Next tides of users slowly notice that a number of unneeded files is installed on their systems. They enumerate systemd unit files, logrotate files, take their pitchforks and start their cruciates against Gentoo developers wasting their precious disk space.
Let me tell you a story. The story starts when Uncle Scarabeus wants to add bash-completion support into libreoffice ebuild. He considers this a minor addon, not worth the half a day necessary to rebuild libreoffice, so he doesn’t revbump it. He simply assumes the change will be propagated nicely when users upgrade to the next version.

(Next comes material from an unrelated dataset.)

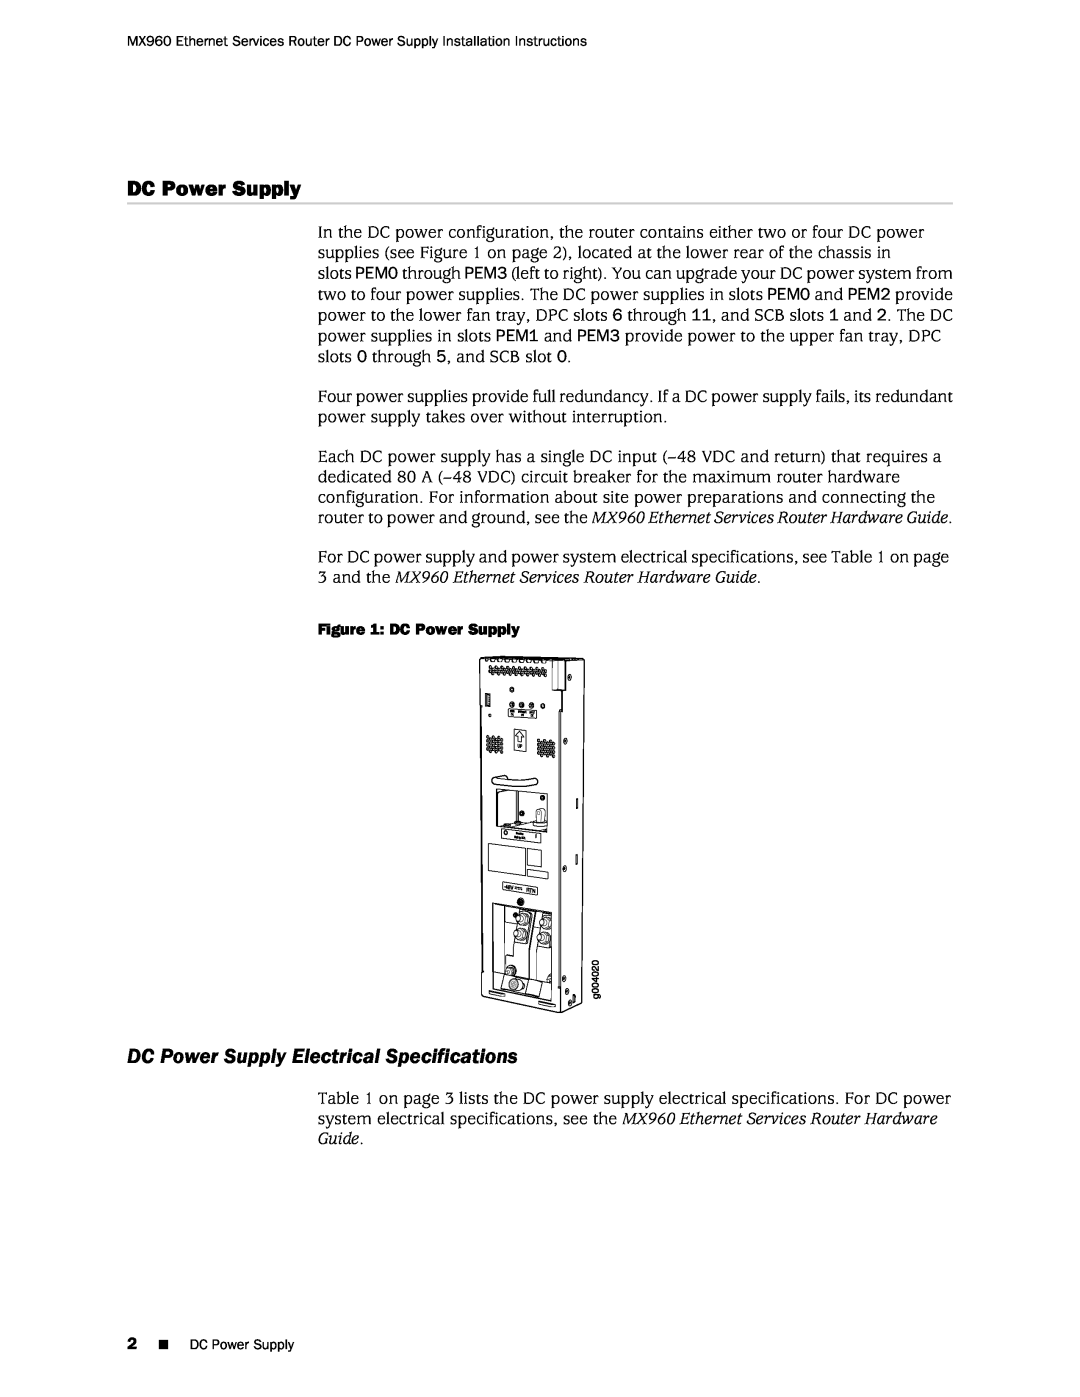 Juniper Networks MX960 installation instructions DC Power Supply Electrical Specifications 
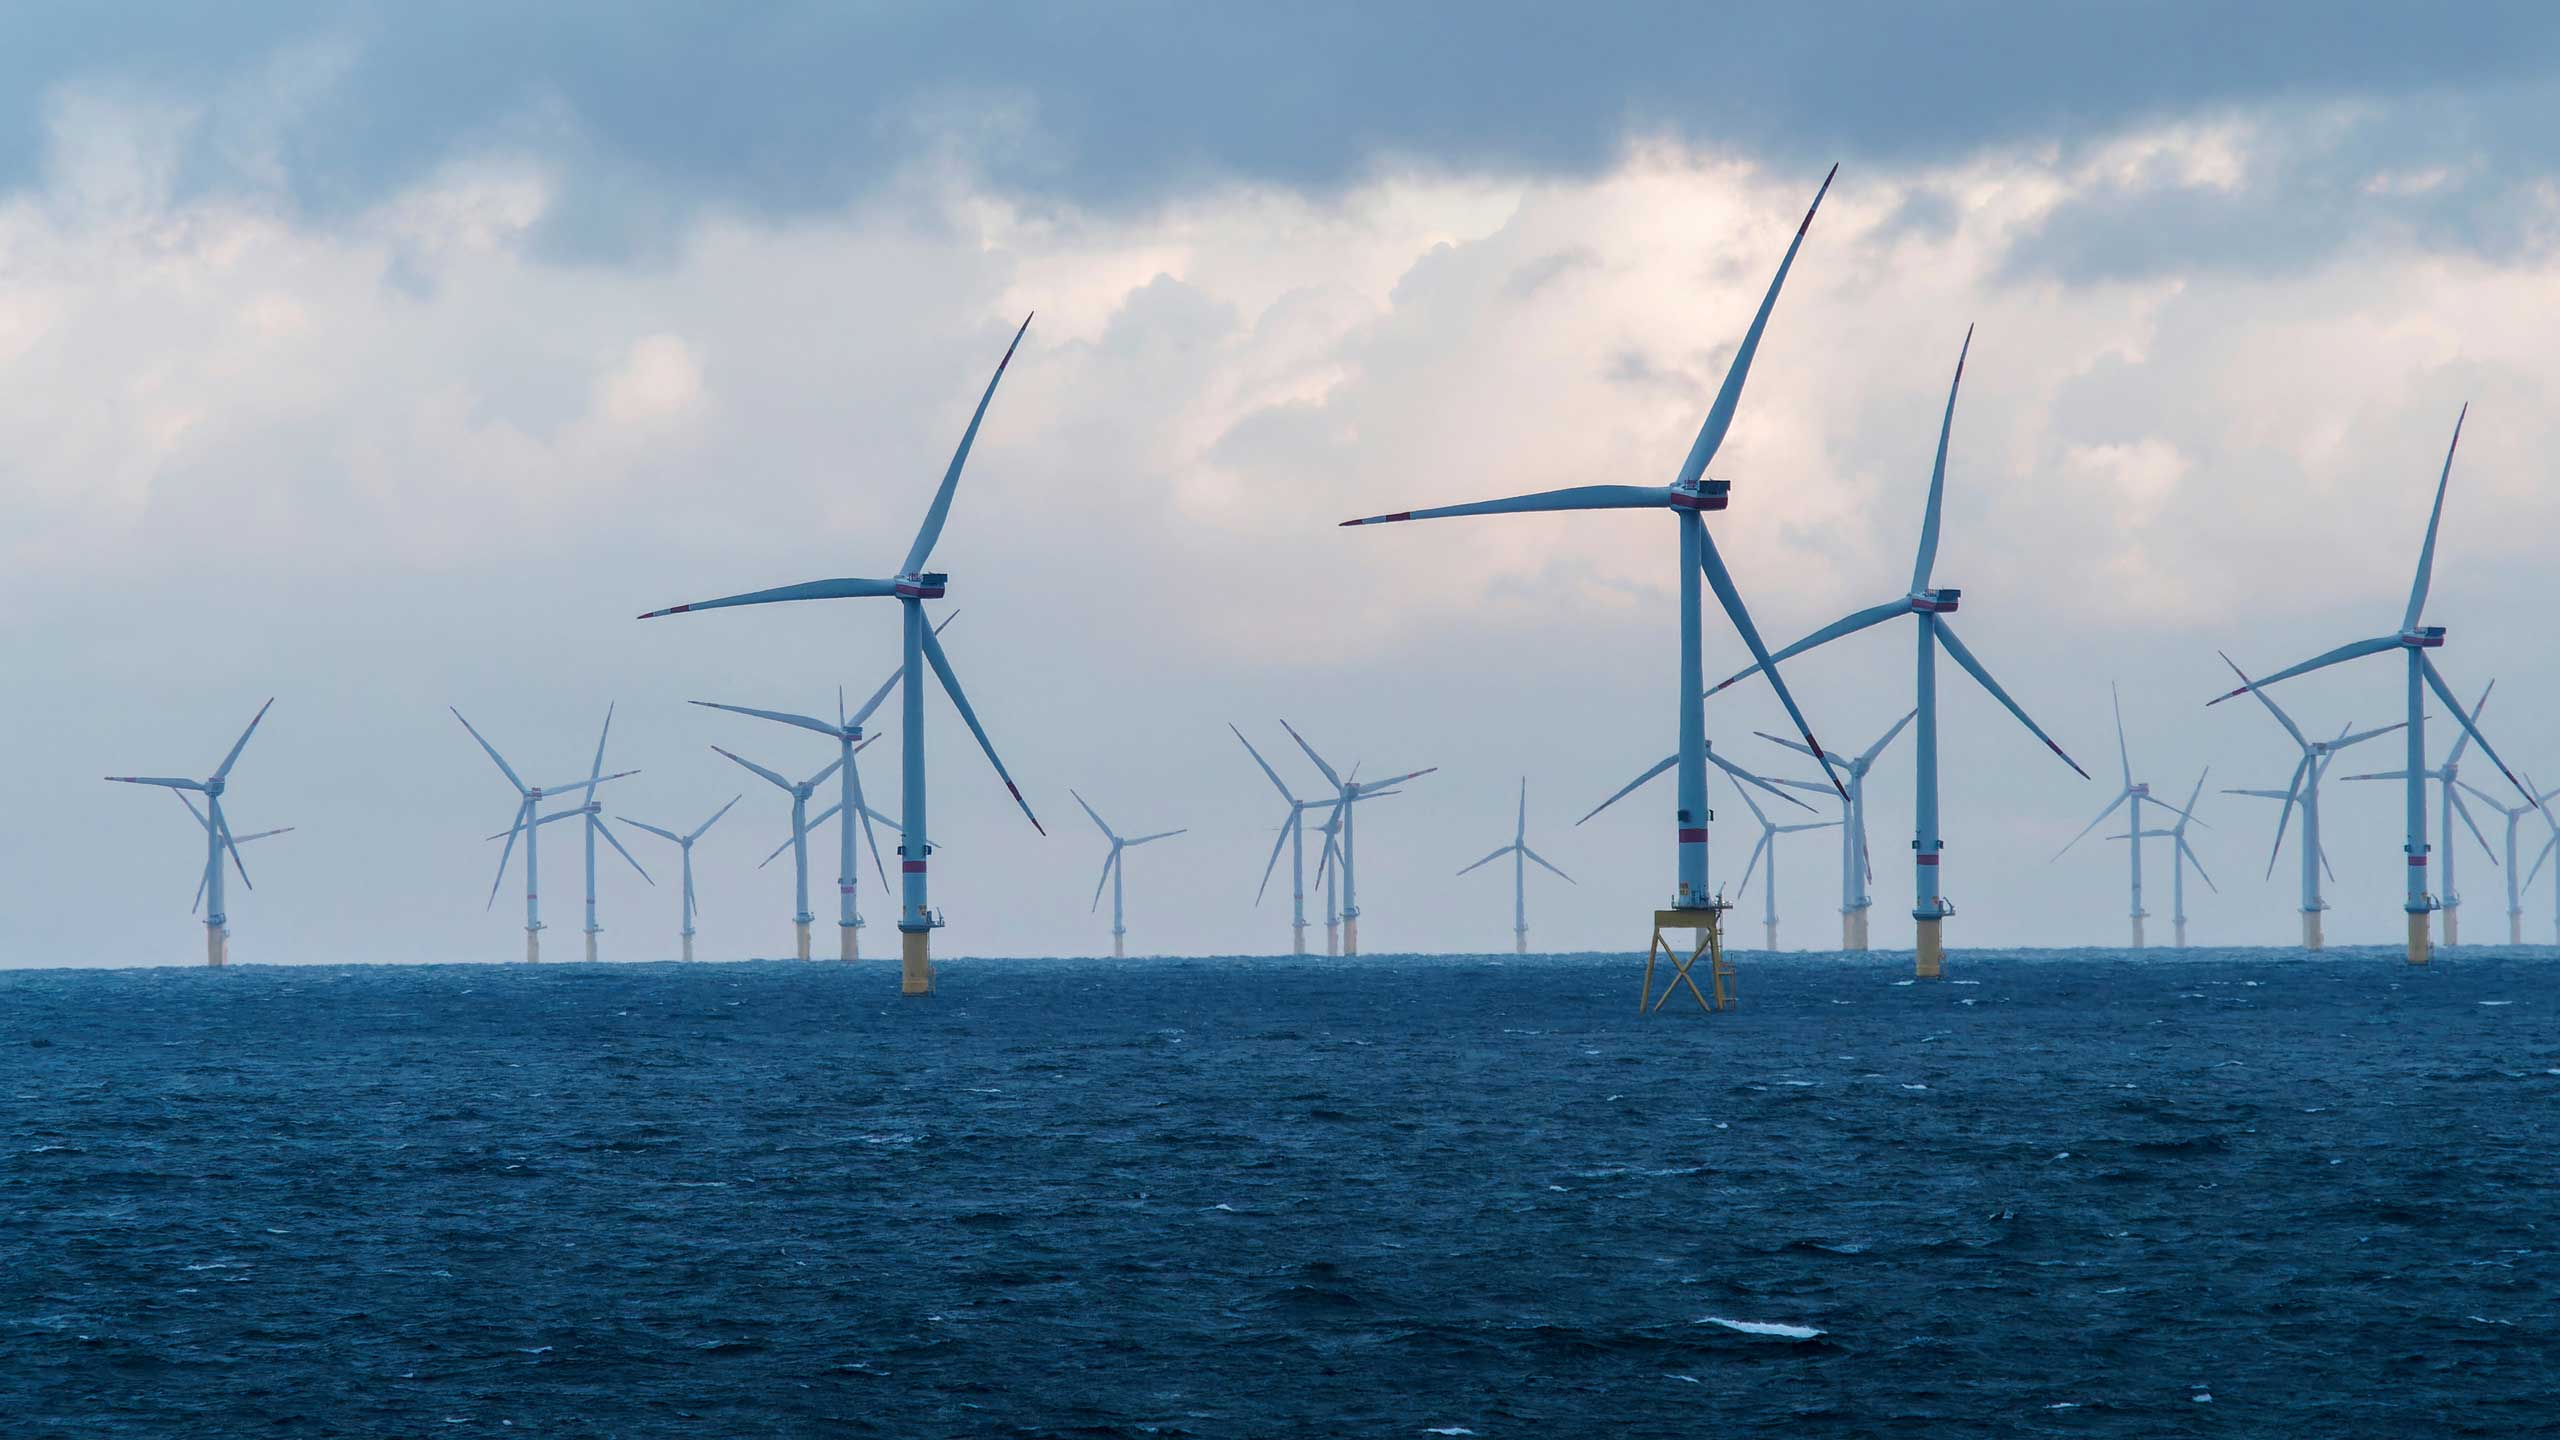 OWC supports Dutch authorities for wind farm tenders

Of course, some users will already come shouting here: that’s against the policy!
Yes, indeed it is. But is it worth the hassle? Should all libreoffice users be forced to rebuild that huge package just to get a single tiny file installed? He could wait and add that along with the next version. Well, if he wouldn’t forget about it.
But that’s not really important part here. Because, to his surprise, many users have actually noticed the change. That’s because the use of bash-completion.eclass
has caused the ebuild to have IUSE=bash-completion
; and many of the --newuse
Portage option users have rebuilt the package. A few others, like me, just stopped using that option.
That’s when the discussion started. We — the few devs actually caring about discussing — decided that it is quite pointless to control installing tiny files through USEflags. Of course, the libreoffice is an elephant-case here but so-called regular packages aren’t much better here. Is there really a reason to rebuild even 10 C files when the only thing going to change is a single, tiny text file being installed or not?
Another solution is to split those files into separate ebuilds. But that’s usually inconvenient both for users and devs. Users have to notice that they need to emerge an additional package to get the particular file installed, and devs need to maintain that additional package. That starts to become really ridiculous with files like systemd units which are often generated during build-time and store installation paths.
So what to use? INSTALL_MASK
, obviously. It’s an ancient Portage magic which allows you to control which files will be punted from installed files. You can use app-portage/install-mask
to quickly set it for the files you don’t want. It’s as simple as:
# install-mask -a systemd logrotate
I think it all comes down to missing (?) feature in portage – reinstalling package without recompilation.
Some use case: once I hadn’t “doc” use-flag in make.conf, but often I wanted(or needed) to read the documentation, so I had to reemerge package, with “doc” use-flag enabled. Unfortunately, some of the packages had long compile-time and had cpu-intensive compilation (like blas-atlas), and recompiling it just to get documentation was painful, so I had to choose – recompile or give up and search for documentation online.
Now I have “doc” use flag in make.conf, but it’s not perfect – I don’t need documentation for every package, yet I’m saving time recompiling them when I really would need it. If portage had utility like “emerge-doc”, that would emerge just documentation for given package, it would save me some time, and made portage even more awesome :D
The same goes for “bash-completion”, “systemd”, “configuration” (afaik there’s “emerge –config”, but it configures package, it doesn’t install configuration files) etc.
I think the doc use flag is generally used for documentation that gets generated when compiling a package.
Not for every project, documentation is generated during compilation, more often it’s either generated (or preprocessed) after (successful :( ) compilation (using separate tool, like doxygen or javadoc), or not generated at all (it’s static).
“doc” useflag enables 2 steps – “building” documentation (e.g. invoking “make doc”) and installing “documentation” (e.g. invoking “make install-doc”) :P
If “building” documentation requires compilation of package, portage should do it, but if not, doing it is pointless.
It would be nice if packages could define a list of suggested masks too.
That way, you can both have package-provided USE-like flags, and you can make the same without even updating the ebuild because those are generic.
I’d say that it could be even possible to add a new mask to an already-installed package because it only involves removing files from disk and from the list of installed files.
And you could change (add/remove) without rebuilding the packages by building a full binary archive for every package.
Well, I think per-package
INSTALL_MASK
could be set using/etc/portage/env
but that’s usually much more work.And the second paragraph describes exactly why I did go the INSTALL_MASK way.
Nice tip, already implemented this for some common doc files (those that are installed even without the doc USE flag).
To view the most common ones do:
ls -R1 /usr/share/doc | grep bz2 | sort | uniq -c | sort | tail -n 10
Almost correct, but it should be:
ls -R1 /usr/share/doc | grep bz2 | sort | uniq -c | sort -n | tail -n 10
I really don’t understand why people get so upset about these tiny files getting installed. Most of the time they’re so small that they end up being packed into the free space of already existing blocks anyways.
Usually that’s something like
. A more serious issue are embedded systems but those usually needINSTALL_MASK
anyway due to docfiles and so on.I saw those flags go, I thought to myself yup, good riddance, and now it seems even more sensible. Good job.